The US Securities and Exchange Commission has proposed an amendment to a key broker-dealer reporting rule that could carve out crypto assets from requirements originally designed for equity securities.
According to a statement released on Monday, the commission has proposed an amendment to Rule 15c2-11 to limit the scope of reporting requirements for broker-dealers in the over-the-counter market to equity securities only, effectively rolling back the broader interpretation introduced in 2021.
What is Rule 15c2-11?
First introduced and adopted in 1971, Rule 15c2-11 is a Securities Exchange Act provision that governs how broker-dealers can publish quotations for securities in the over-the-counter market.
The rule was designed to address fraud risks in thinly traded markets, particularly in penny stocks, by requiring firms to verify that basic issuer information is publicly available before quoting a security.

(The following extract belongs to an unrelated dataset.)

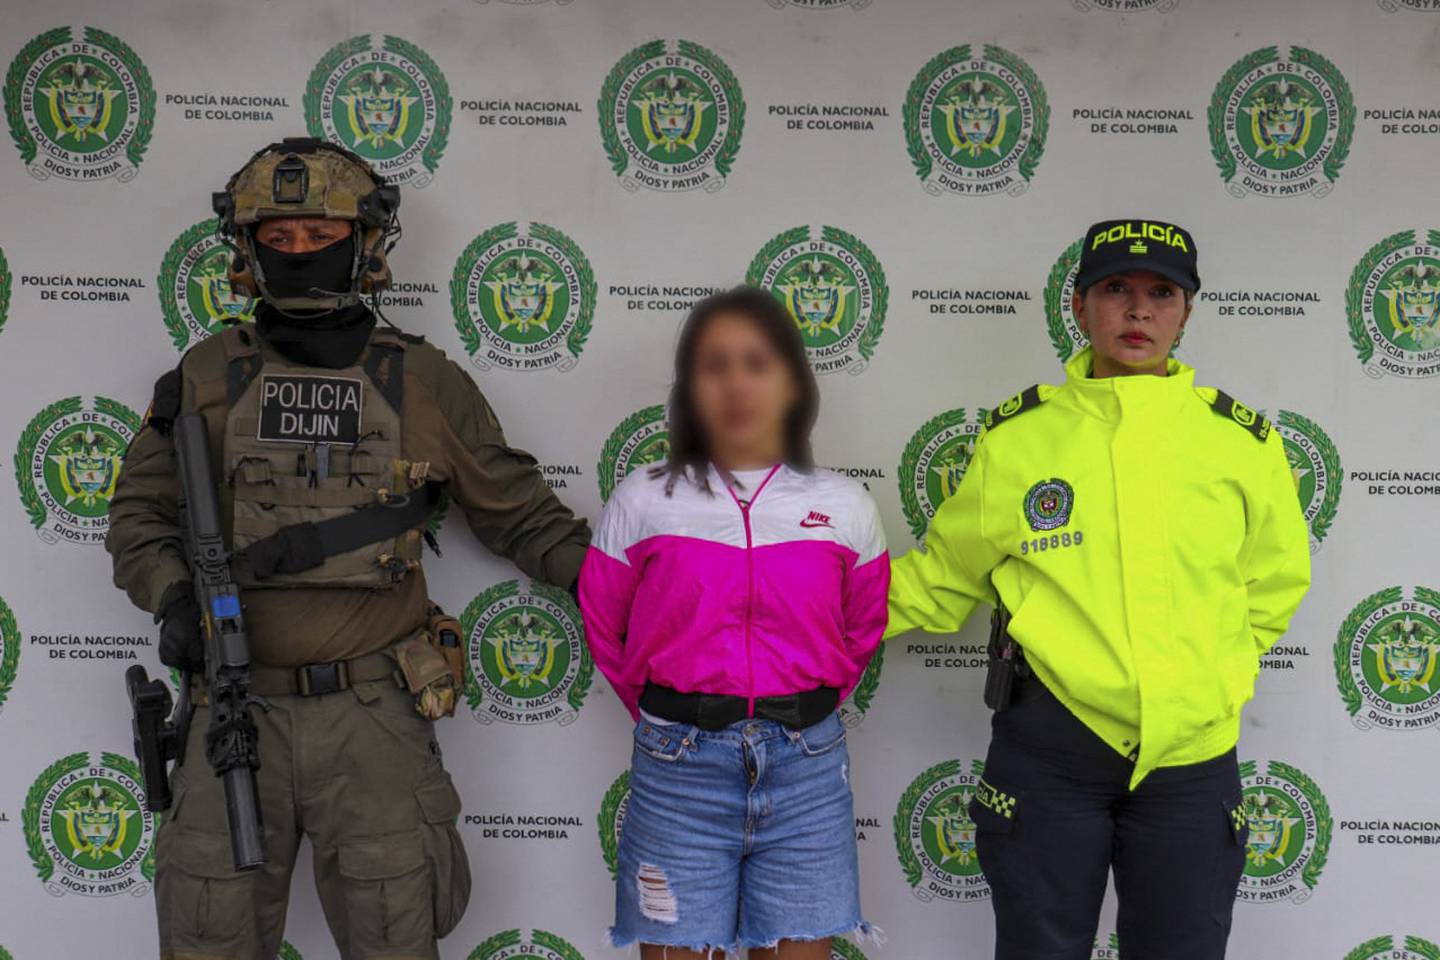 Esta imagen publicada por la Policía Nacional de Colombia muestra a Wanda del Valle Bermúdez, conocida como la "Bebecita del TikTok", después de ser detenida en Bogotá este jueves.

At its core, the rule places an obligation on broker-dealers to review and maintain current information about an issuer, including details about its business operations, management, and financial condition.
Without this information being accessible and up to date, a broker-dealer is not permitted to initiate or resume quotations for that security in OTC markets which effectively acts as a gatekeeping mechanism, preventing opaque or potentially fraudulent securities from being actively quoted.
What does it mean for crypto?
For decades, market participants largely understood the rule to apply to equity securities such as common and preferred stock.
However, that long-held understanding was challenged after amendments adopted in 2020 and implemented in 2021 broadened how the rule could be interpreted.
The updated approach opened the door for Rule 15c2-11 to extend beyond equities and into other asset classes, including fixed income instruments, which in turn raised questions about whether certain crypto assets could also fall within its scope if deemed securities.
Many tokens do not have the kind of structured disclosures that traditional public companies provide, making it hard for firms to satisfy the rule’s information requirements.
As a result, some market participants pulled back from quoting or facilitating trades in these assets due to concerns around compliance risk.
The SEC’s latest proposal seeks to draw a clearer boundary by explicitly limiting the rule to equity securities.
By doing so, it signals that the reporting framework under Rule 15c2-11 is not intended to apply to crypto assets, even in cases where questions around their classification as securities remain unresolved.
For the crypto market, the change could make it easier for broker-dealers to support secondary trading activity without needing to rely on disclosure standards that do not align with how most digital assets operate.
It also reduces the likelihood of firms facing enforcement action under a rule that was never designed with decentralised networks or token-based systems in mind.
At the same time, the proposal does not place crypto outside the regulatory perimeter.
The SEC has made it clear that oversight will continue through other mechanisms, particularly in areas related to fraud, market manipulation, and the question of when a digital asset qualifies as a security.
SEC is seeking comments
The commission has opened a 60-day public comment period to gather feedback on whether the definition of equity securities should extend to crypto assets and how the rule should apply going forward.
SEC commissioner Hester Peirce has welcomed the proposal, which she said would help address years of confusion created by the rule’s expanded interpretation.
“By its terms, the text of Rule 15c2-11 always has applied to quotations of a ‘security.’ Market participants and other observers including me, however, understood the rule to apply only to quotations of over-the-counter (‘OTC’) equity securities,” she added.